Greenhouse Gas Emissions Comments Off on Greenhouse Gas Emissions

What is Greenhouse Gas?

Greenhouse gases, or short for GHGs, are compound gases that help in trapping heat or various longwave radiations present in the atmosphere. These gases’ presence in the atmosphere makes the Earth’s surface warmer. The shortwave radiation like sunlight is easily passing through these gases and even in the atmosphere. As soon as it was absorbed by the surface of the earth, it is being released as heat or longwave radiation. Then the heat-trapping phenomenon will occur which is known as the greenhouse effect. 

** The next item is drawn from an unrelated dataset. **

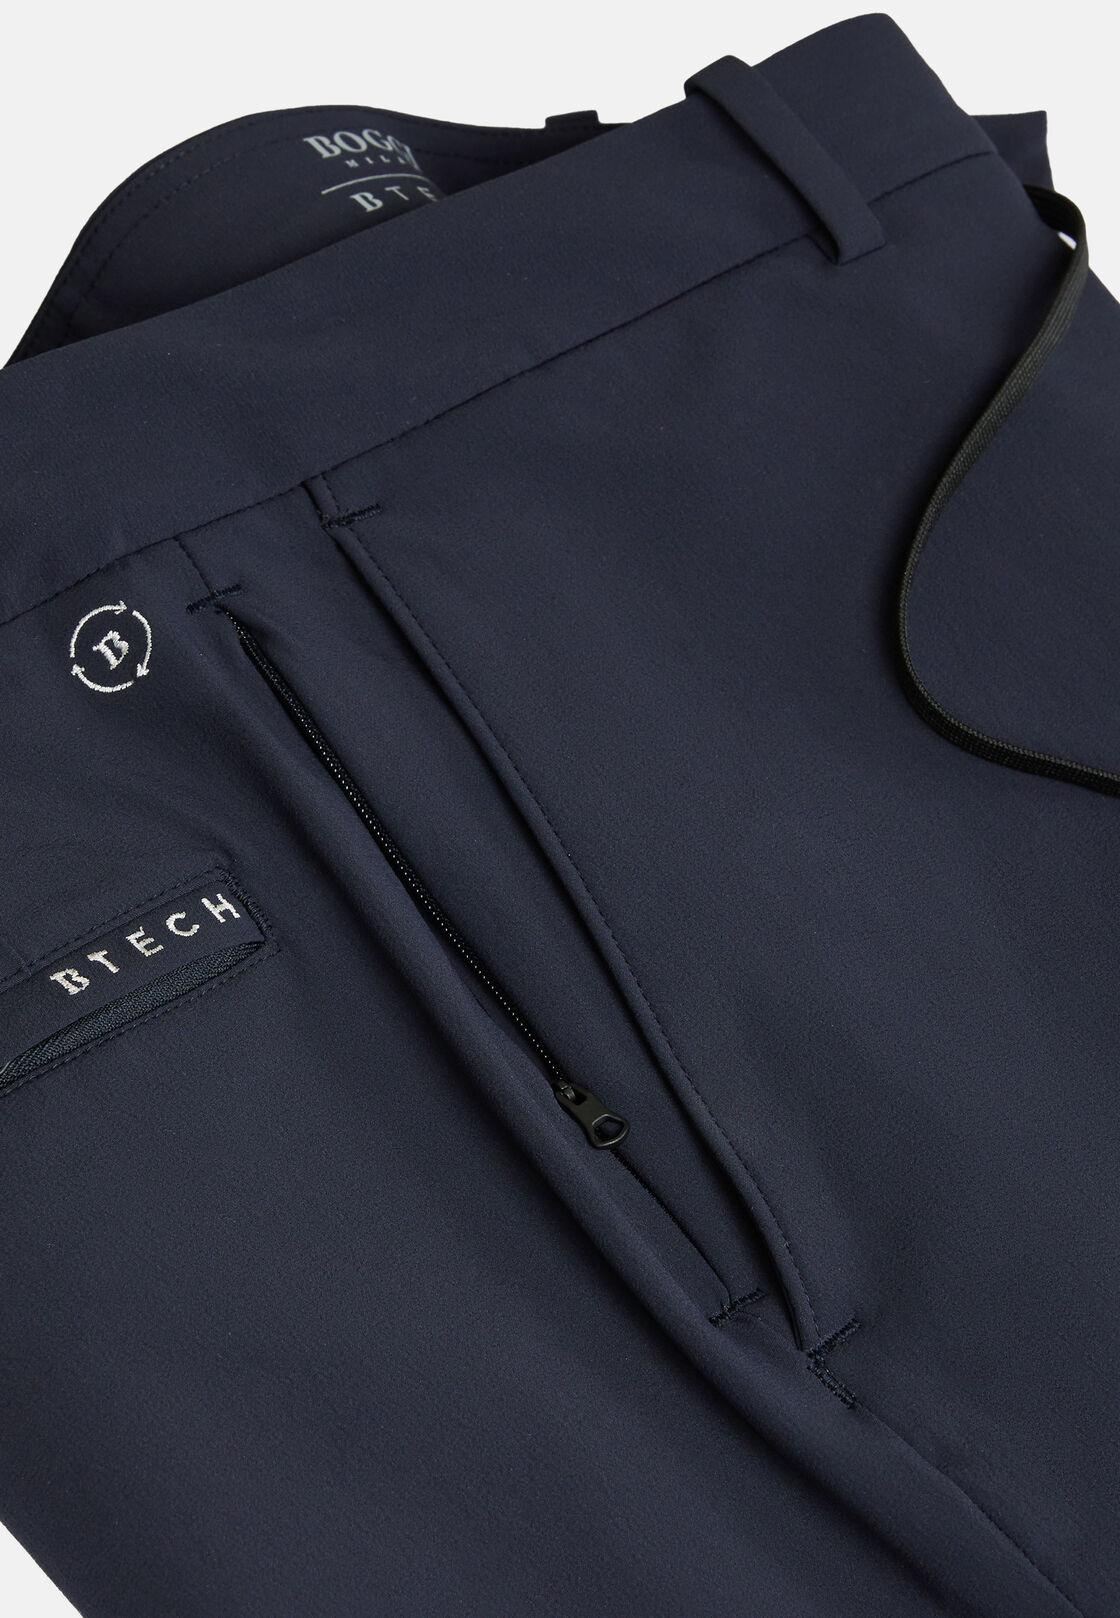 Hose aus elastischem recyceltem nylon b tech, Navy blau, hi-res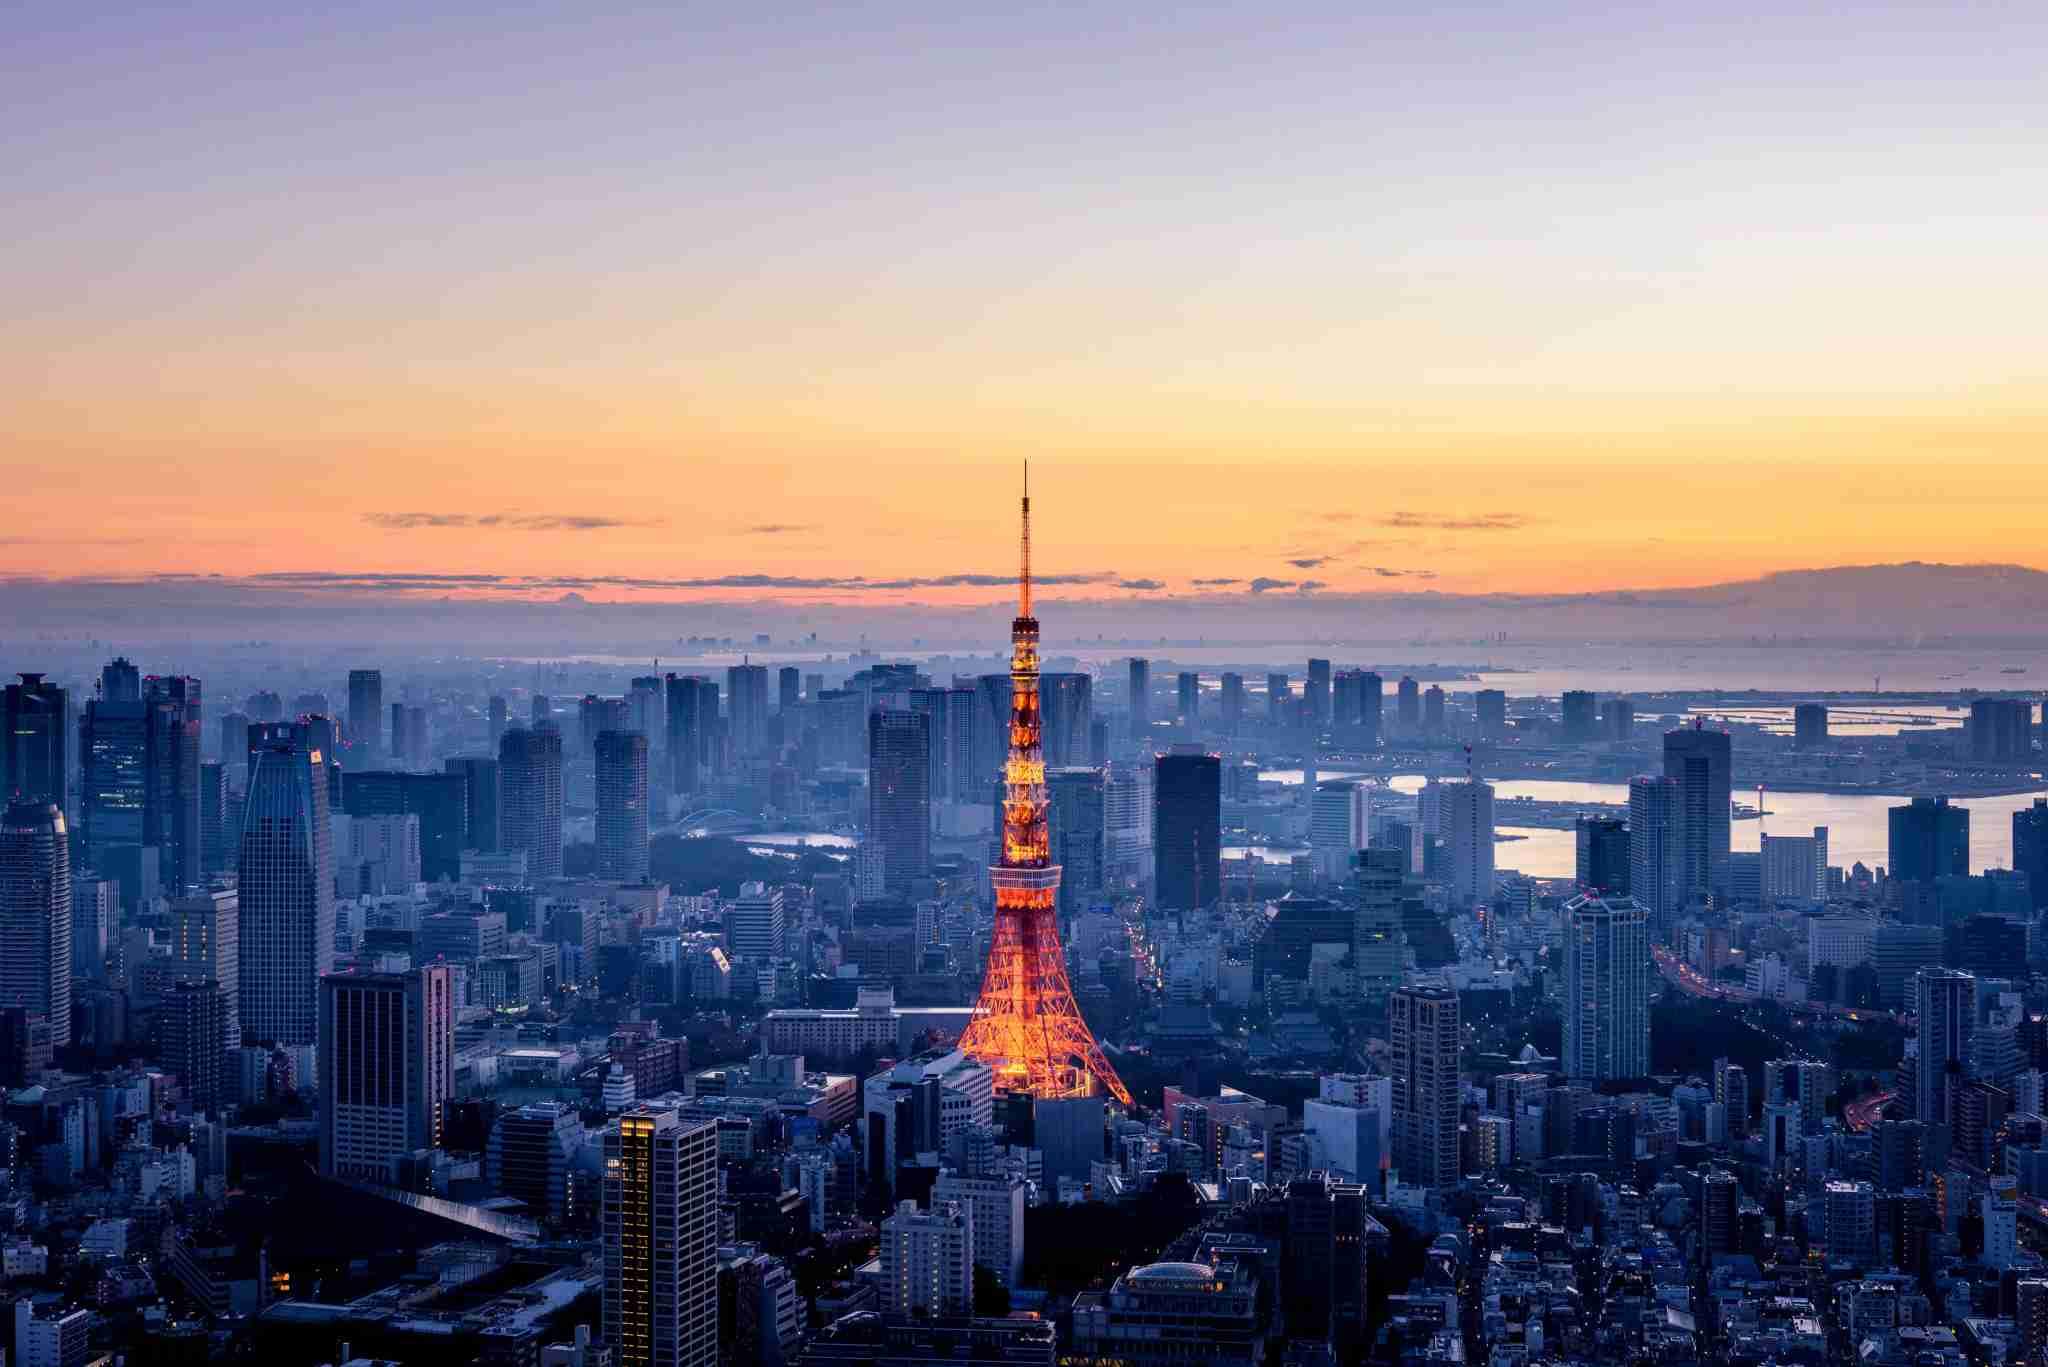 Anyone would love exploring Tokyo. (Photo by Yukinori Hasumi/Getty Images)

These greenhouse gases produce a ‘greenhouse effect’ which helps in warming the earth’s climate. There are various types of gases – carbon dioxide (CO2), nitrous oxide, methane, and other smaller concentration trace gases like the Fluorinated gases or F-gases. These gases are important in sustaining a comfortable temperature on the Earth. If these gases were absolutely not present in the atmosphere then the average surface temperature of the Earth would be around -18 degrees celsius below. 

However, when energy production started in the Industrial Revolution, it mostly relied on fossil fuels that caused a rapid increase in greenhouse gas emissions. If this will not be resolved it will surely lead to global warming and climate change. These phenomena have an array of impacts on ecological and human health, including intense weather events like storms, heatwaves, hurricanes, floods, droughts, sea-level rise, and irregular crop growth.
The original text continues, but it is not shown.